Manipulation is a strange subject. It seems like they are trying to control you. But it’s embarrassing and uncomfortable for you. It's a shame to defend yourself. It's a shame to refuse. And when we succumb to manipulation, we regret it, get angry and make a promise to ourselves - “never again!”
Never - easy to say, but difficult to do. And the whole point is that there are 2 types of manipulation.
The first is simple, without pronounced attacks. We talked about it in the previous article.
And the second is aggressive manipulation. In such cases, the manipulator:
- behaves aggressively;
- does not accept your refusal and continues to “put pressure” on you;
- deceives you.
In this case, “heavy artillery” is precisely what is needed—counter-manipulation.

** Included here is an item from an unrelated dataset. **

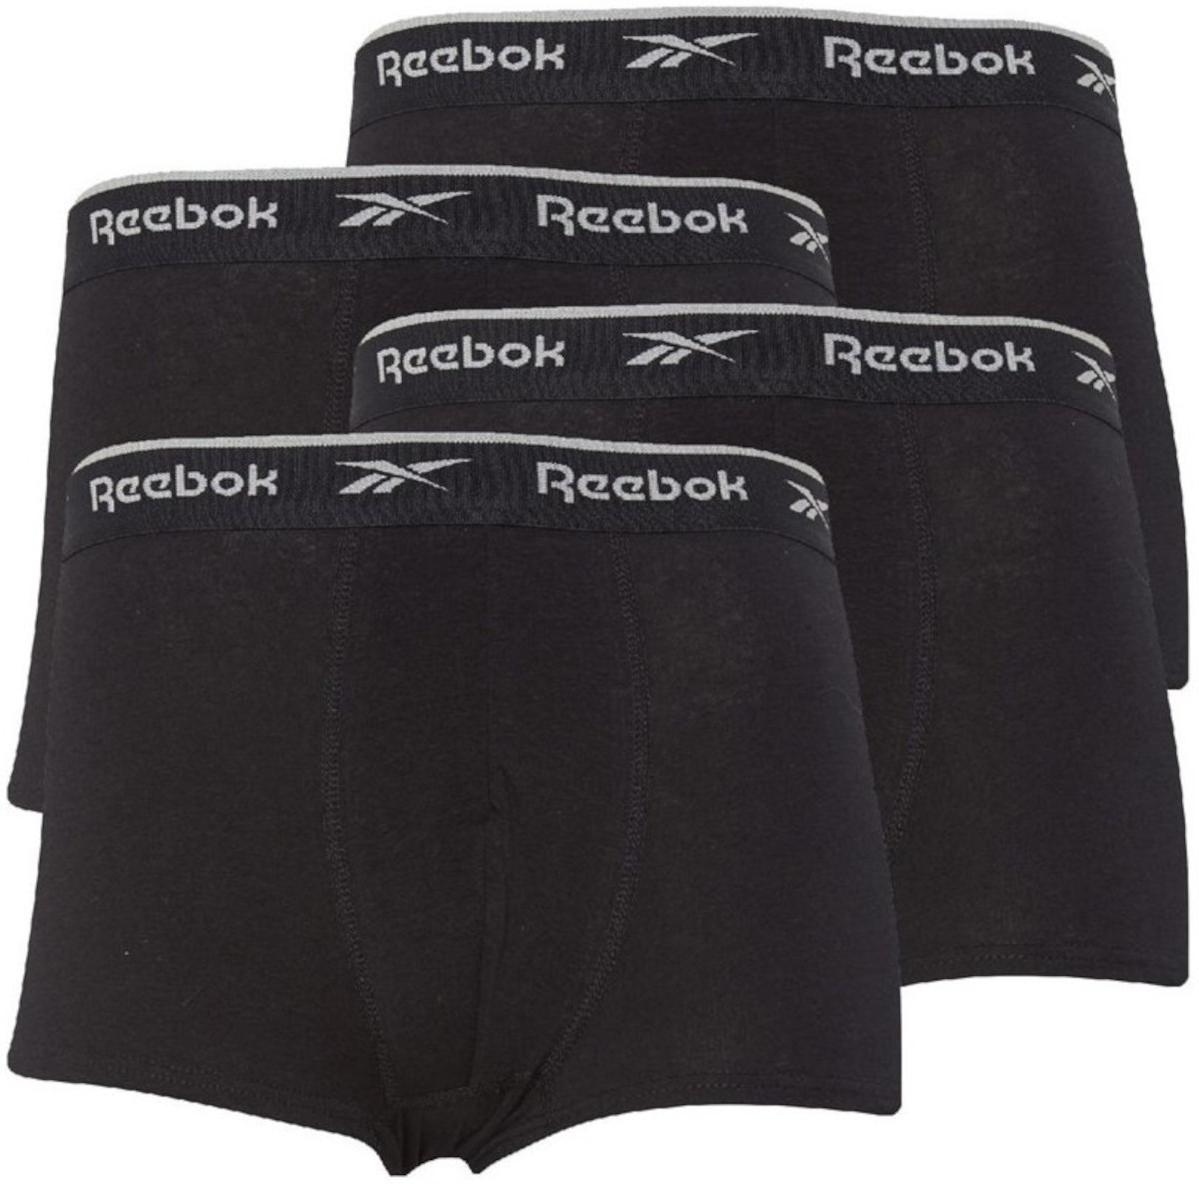 Boxer shorts Reebok 4Pack Trunk OVETT Boxers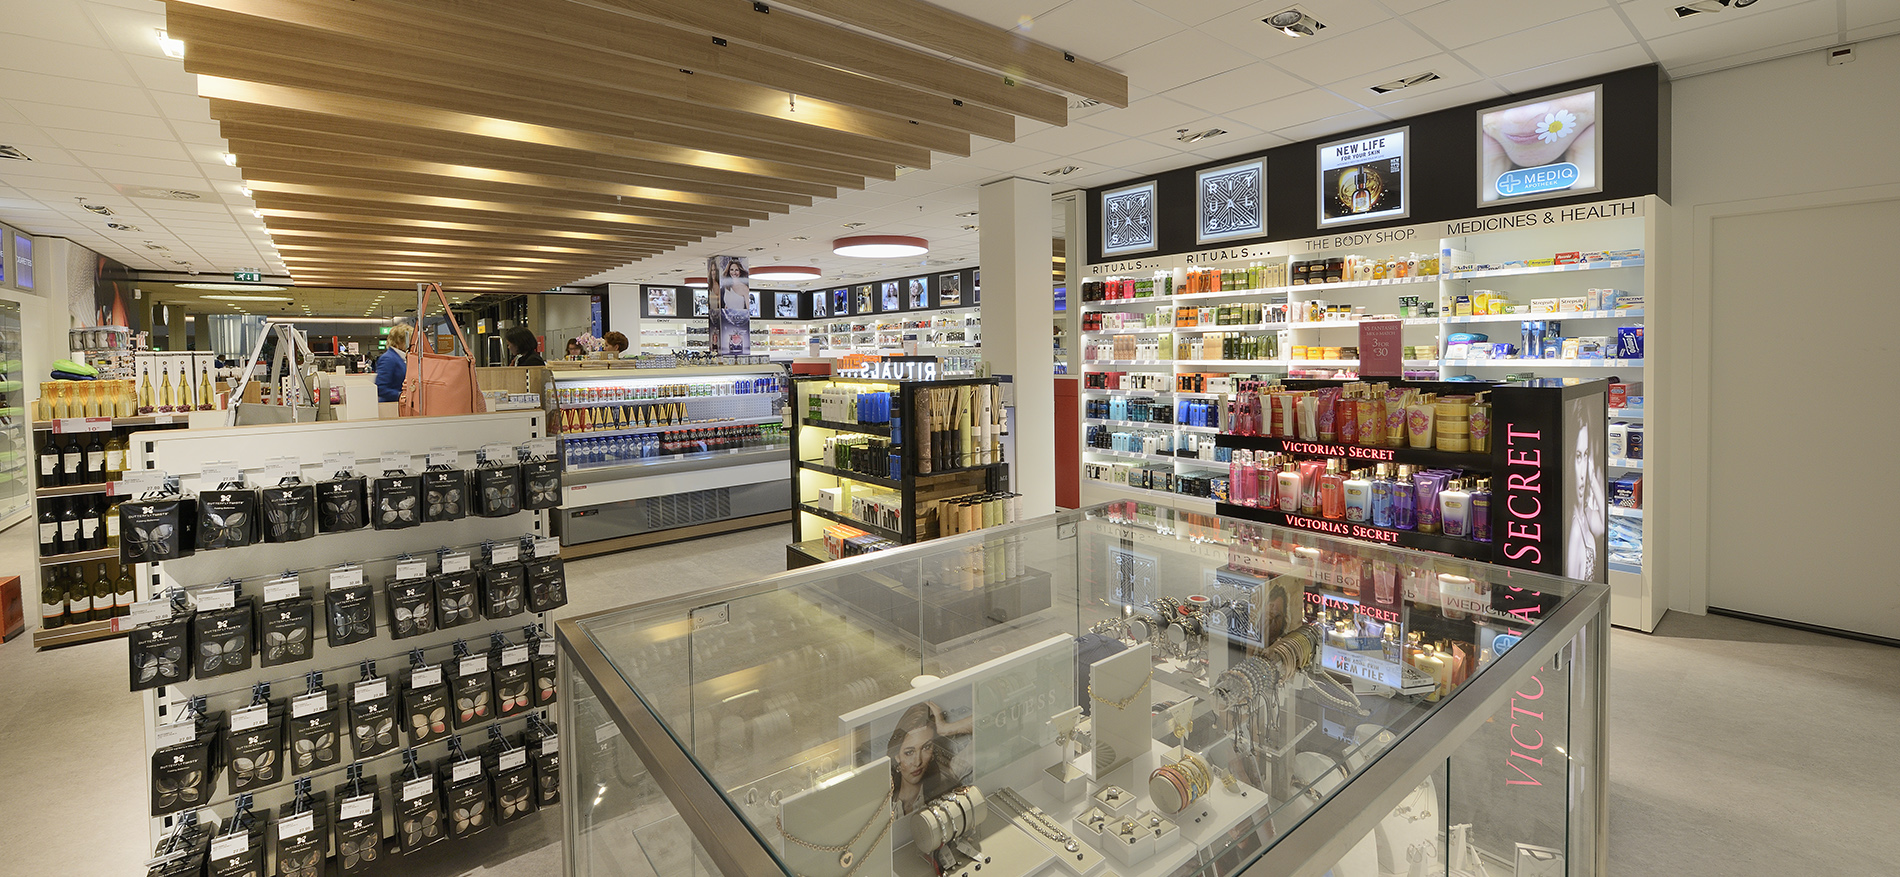 B&S Crewshop Airport Schiphol (NL) – Retail design and shopfitting -

short video on the topic of manipulation (5 minutes)
Shield from manipulation
You come to work, and the boss tells you:
- You are our best employee! Therefore, we will put you to work at the most unprofitable point! Who, if not you, will cope with this?
What should be done?
- Track your feelings. I am glad that my superiors appreciate me. I'm afraid of letting my colleagues down.
- Take a break. “Thank you very much, I’ll think about it until tomorrow.”
- Ask yourself the question “why?” Why should I agree to this?
- Realize your desires. Yes, I am interested in this task. But only if my efforts are rewarded.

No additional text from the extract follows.